= Elmer T. Lee =

American distiller

Elmer Tandy Lee (Aug. 5, 1919 — July 16, 2013) was a master distiller at Buffalo Trace Distillery, and master distiller emeritus after his retirement in 1985.

== Biography ==
Lee was born in Peaks Mill, Kentucky in 1919.

Lee is known for launching Blanton's in 1984, the first modern bourbon brand marketed as a single barrel bourbon.

Eric Gregory, president of the Kentucky Distillers' Association, credited the premium market that Mr. Lee pioneered as a major factor in the bourbon industry's turnaround in the last decade; sales reached 30 million gallons in 2012 for the first time since 1973, he said.

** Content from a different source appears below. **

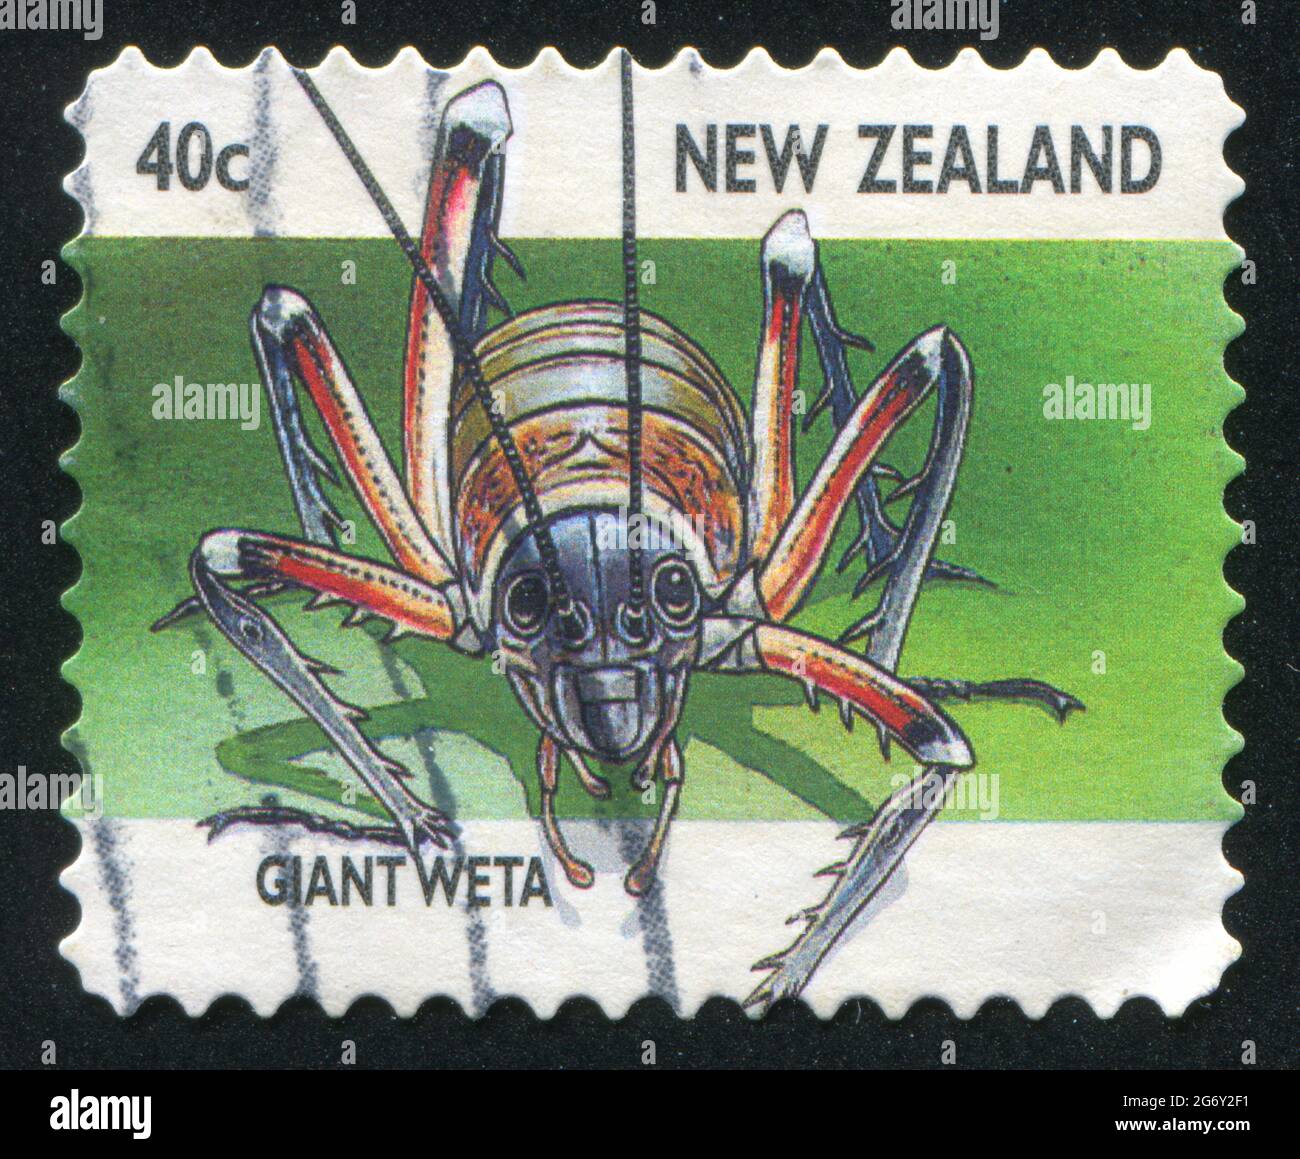 NEW ZEALAND - CIRCA 1997: stamp printed by New Zealand, shows Creepy Crawlies, Giant weta, circa 1997 Stock Photo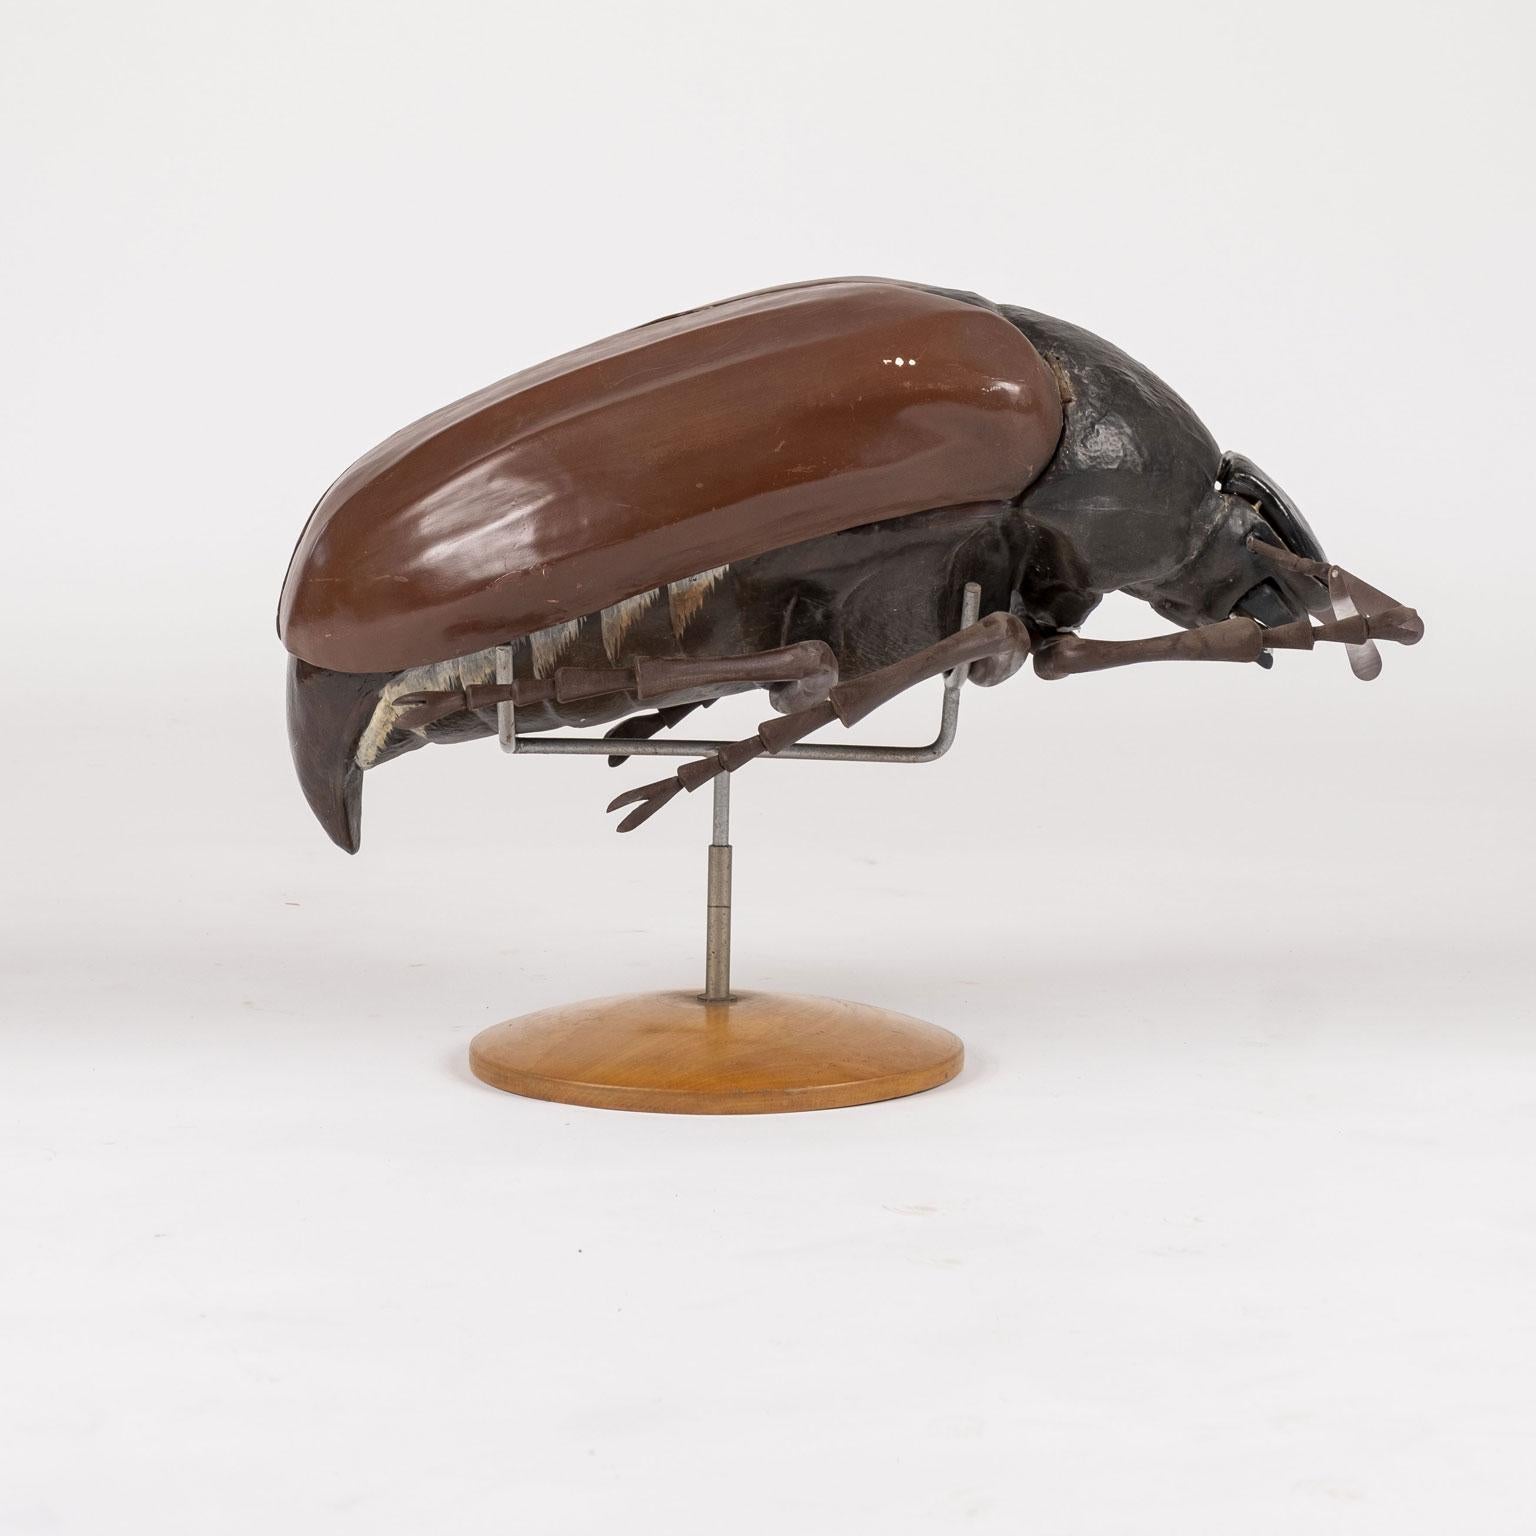 Cast Large Sculpture of Beetle in Flight For Sale

He entered the University of Kentucky but withdrew to volunteer for the Army in World War II. He served as a radar bombardier in B-29 bombers based in Guam. Mr. Lee returned to the university after the war to get his degree and began working at the distillery as a maintenance engineer when, under a different owner, it was called the George T. Stagg Distillery. He was promoted to plant superintendent in 1966 and to plant manager in 1969 and given the title master distiller in the early 1980s.

After his retirement, Buffalo Trace honored Mr. Lee with a single-barrel brand of his own, the Elmer T. Lee Kentucky Straight Bourbon Whiskey, bottled from barrels he continued selecting himself into his 90s. The label won gold medals this year [2013] at both the Los Angeles International Wine and Spirits Competition and the San Francisco World Spirits Competition. The journal Whiskey Advocate described its flavor as "elegant and complex."

Lee was inducted in the Kentucky Bourbon Hall of Fame in 2001 and received lifetime achievement awards from both Whisky Advocate (2002) and Whisky Magazine (2012).

Lee died in Frankfort, Kentucky, in 2013, at the age of 93.